#### THE DATA
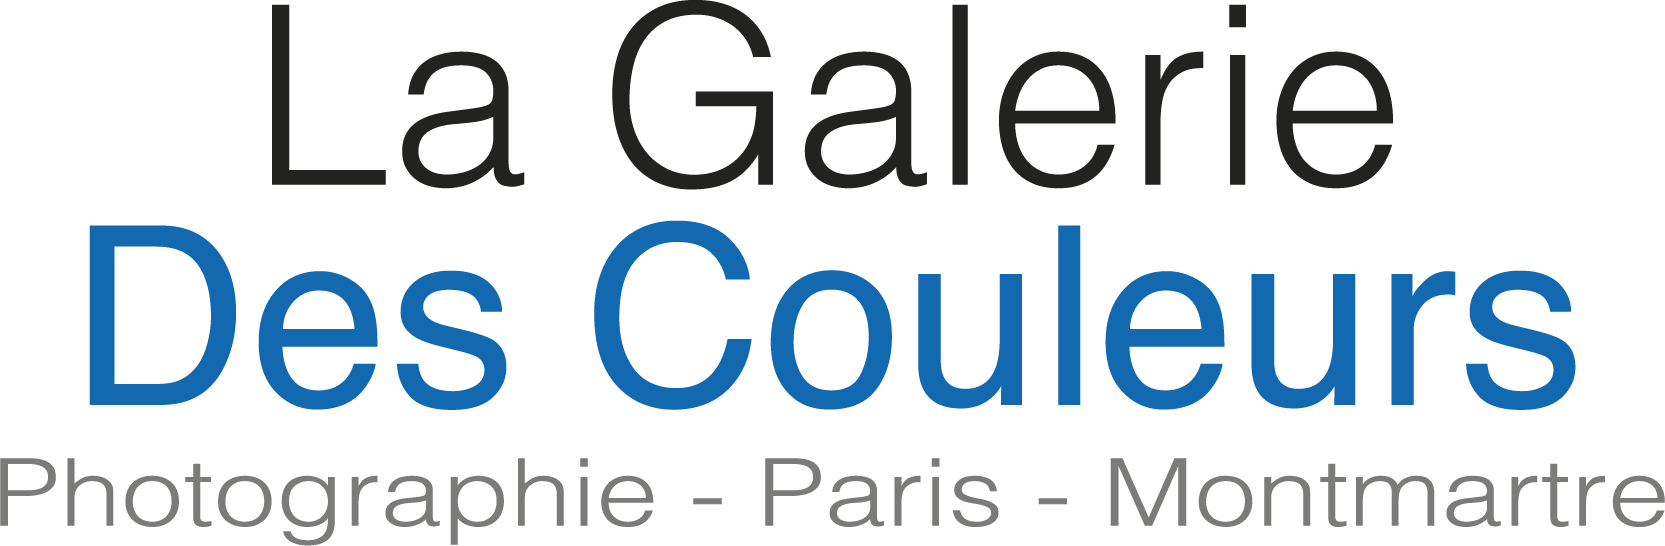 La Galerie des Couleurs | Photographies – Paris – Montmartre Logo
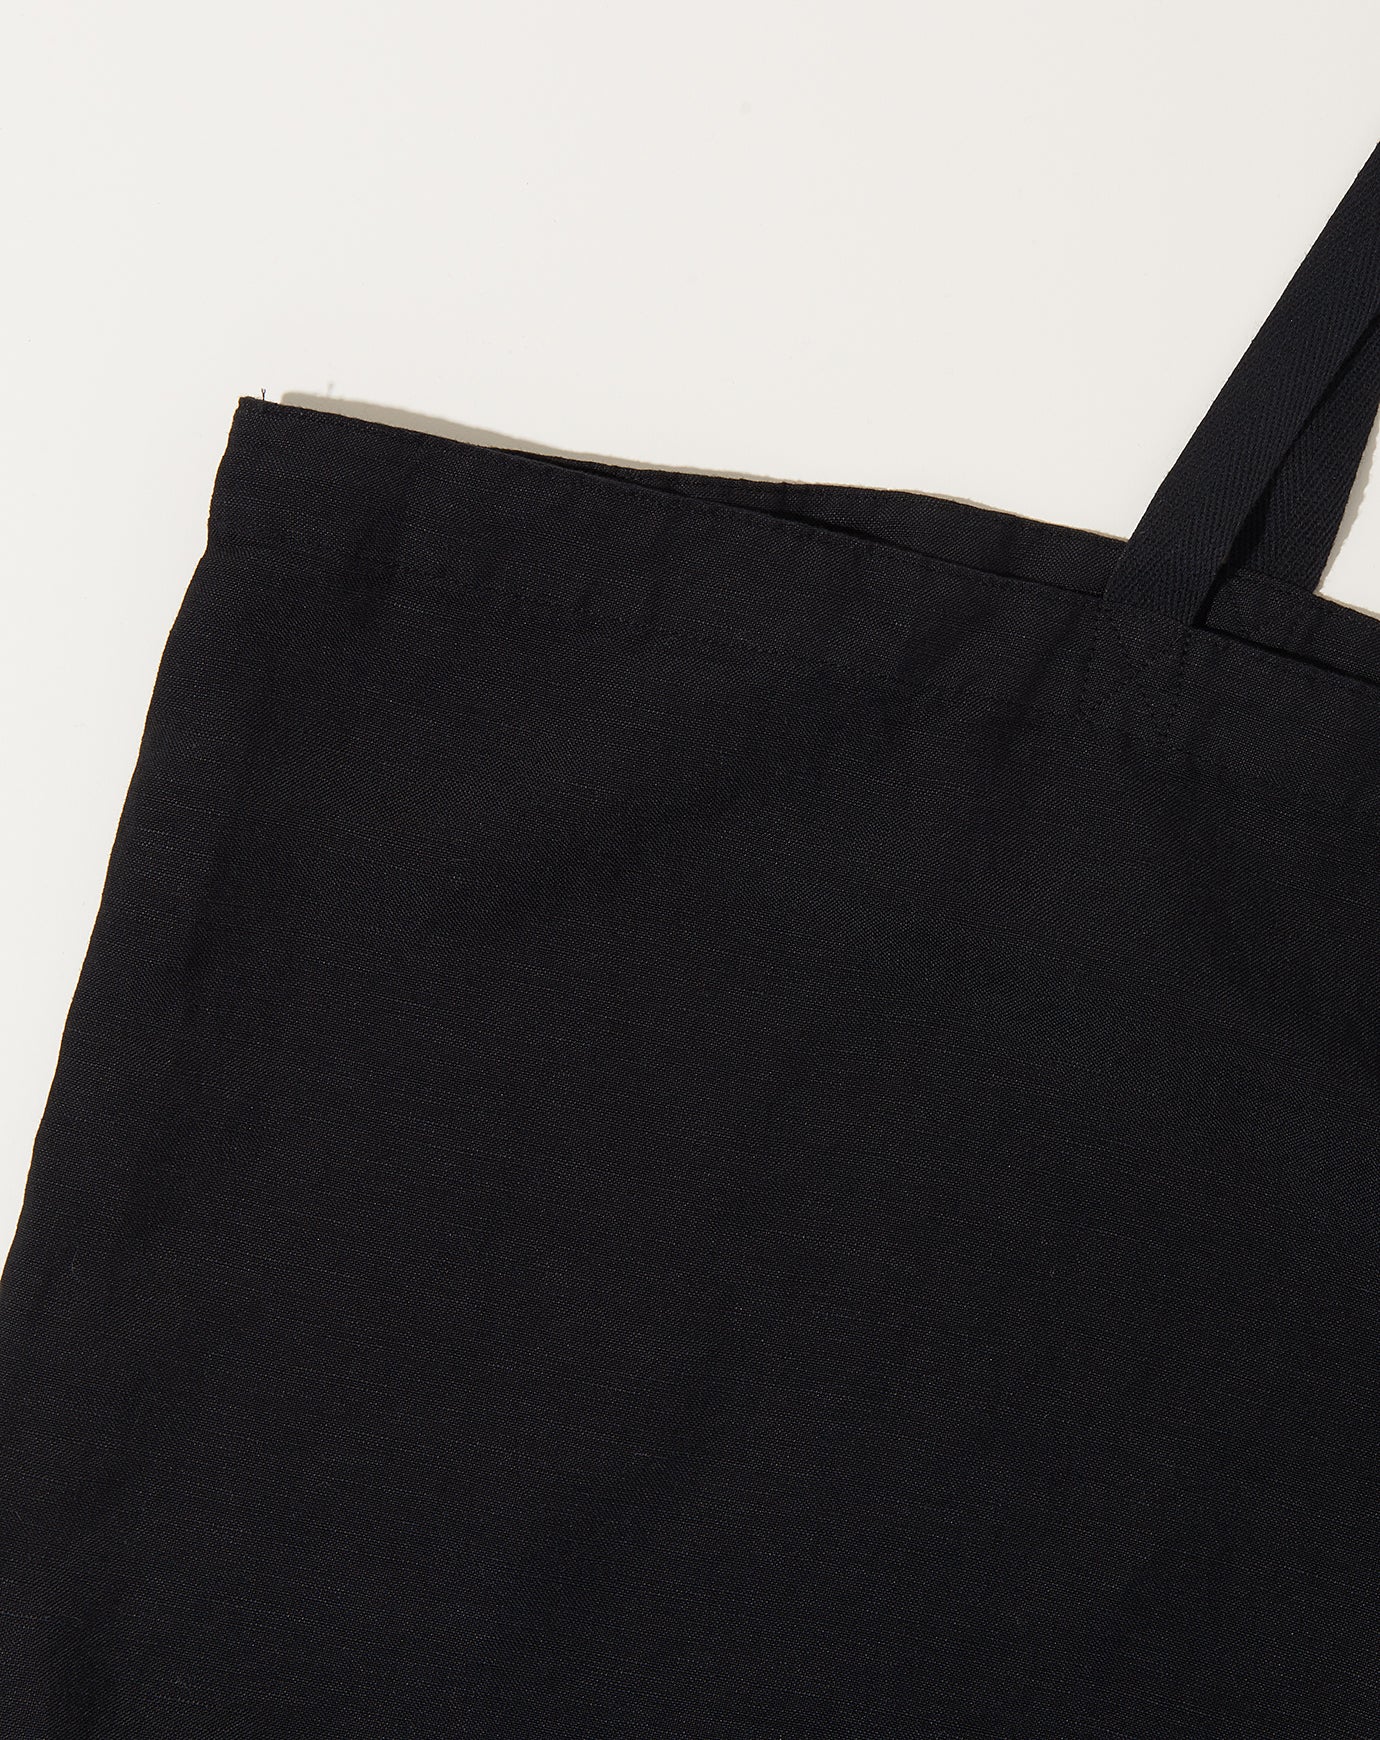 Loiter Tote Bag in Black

--

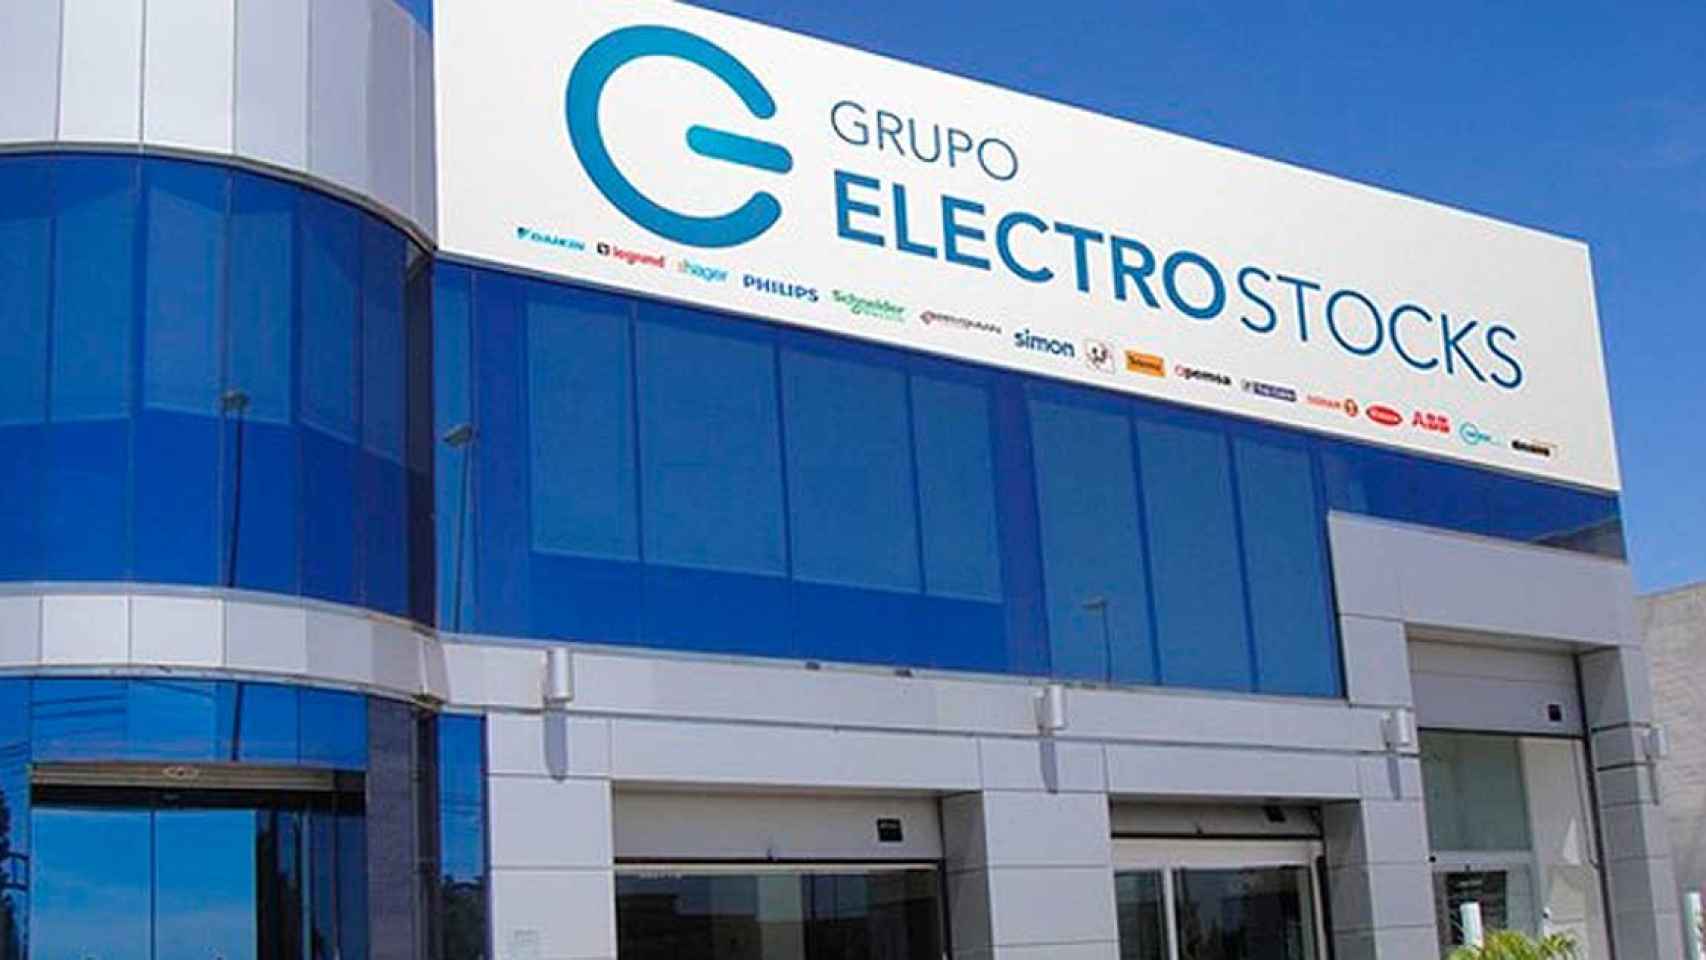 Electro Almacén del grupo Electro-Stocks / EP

#### TASK DIRECTIONS
Within the listing above, extract exactly the lines that run from the one containing "La Galerie des" through the one containing "Loiter Tote Bag in Black", excluding any pictures.

#### THE ANSWER
 La Galerie des Couleurs | Photographies – Paris – Montmartre Logo
 Loiter Tote Bag in Black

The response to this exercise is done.